A medical device company has issued a high-priority security warning about some of its products.
BD said the vulnerability is related to certain Pyxis medication dispensing products installed with the same default local operating system or domain-joined server credentials.
"If exploited, threat actors may be able to gain privileged access to the underlying file system and could potentially exploit or gain access to [electronic protected health information] or other sensitive information," the May 31 warning stated. "To exploit this vulnerability, threat actors would have to gain access to the default credentials, infiltrate a facility's network, and gain access to individual devices and/or servers."
BD said its support personnel will work with customer representatives on domain-joined server credentials that require updates and is also recommending:
1. Limiting physical access to only authorized personnel.

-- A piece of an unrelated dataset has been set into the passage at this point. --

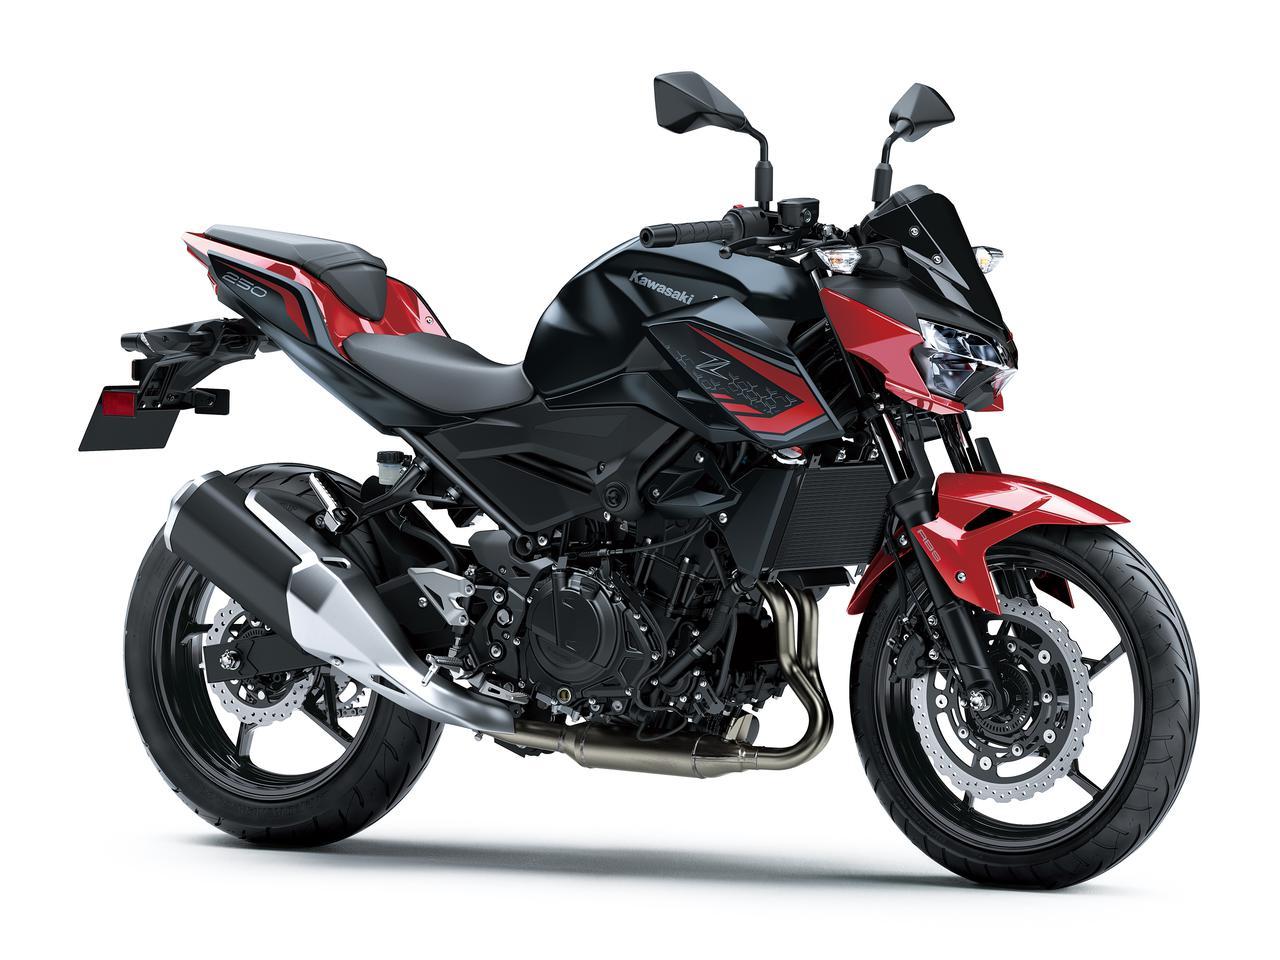 画像15: カワサキが「Z250」の2021年モデルを発売! 2020年モデルと比較してみよう【2021速報】
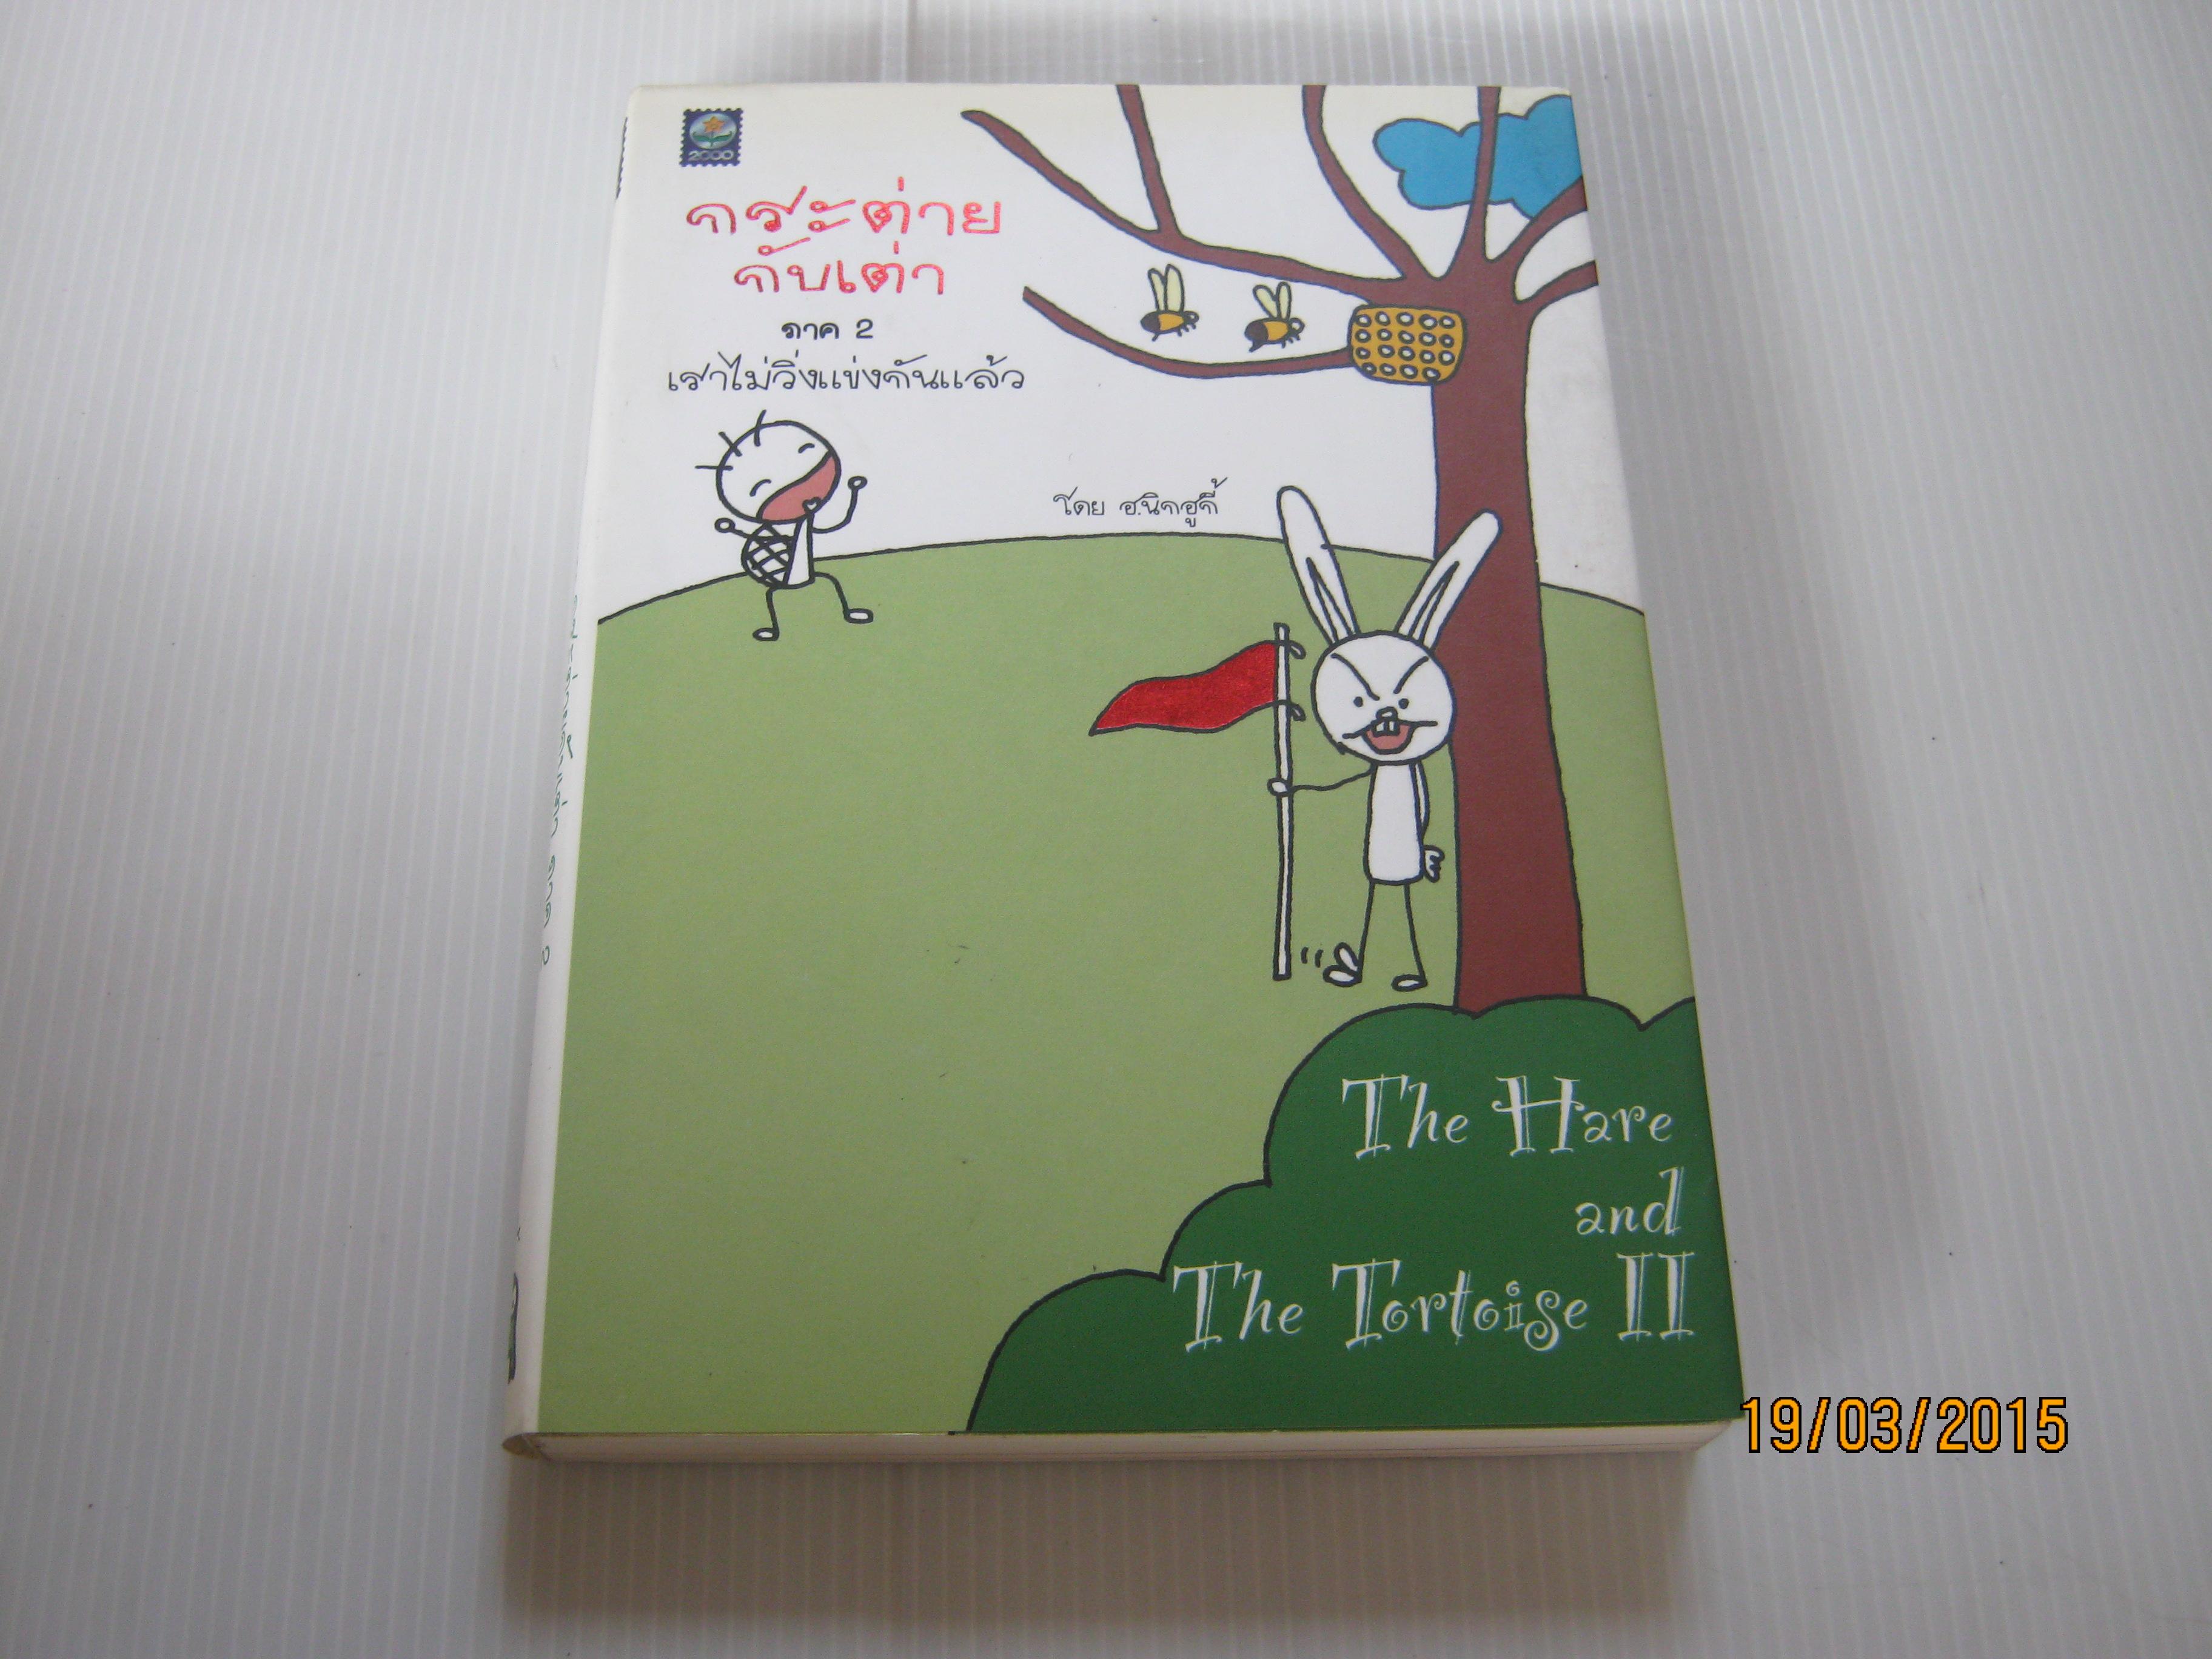 กระต่ายกับเต่า ภาค 2 เราไม่วิ่งแข่งกันแล้ว (The Hare and The Tortoise II) โดย ฮ.นิกฮูกี้

2. Tightly controlling management of system passwords provided to authorized users.
3. Monitoring and logging network traffic attempting to reach the affected products for suspicious activity.
4. Isolating affected products in a secure virtual local area network or behind firewalls with restricted access that only permits communication with trusted hosts in other networks when needed.
5. Working with the local BD support team to ensure that patching and virus definitions are up to date.
The vulnerability score was rated "high," according to the Forum of Incident Response and Security Teams. The company said it reported the vulnerability to the FDA and Department of Homeland Security.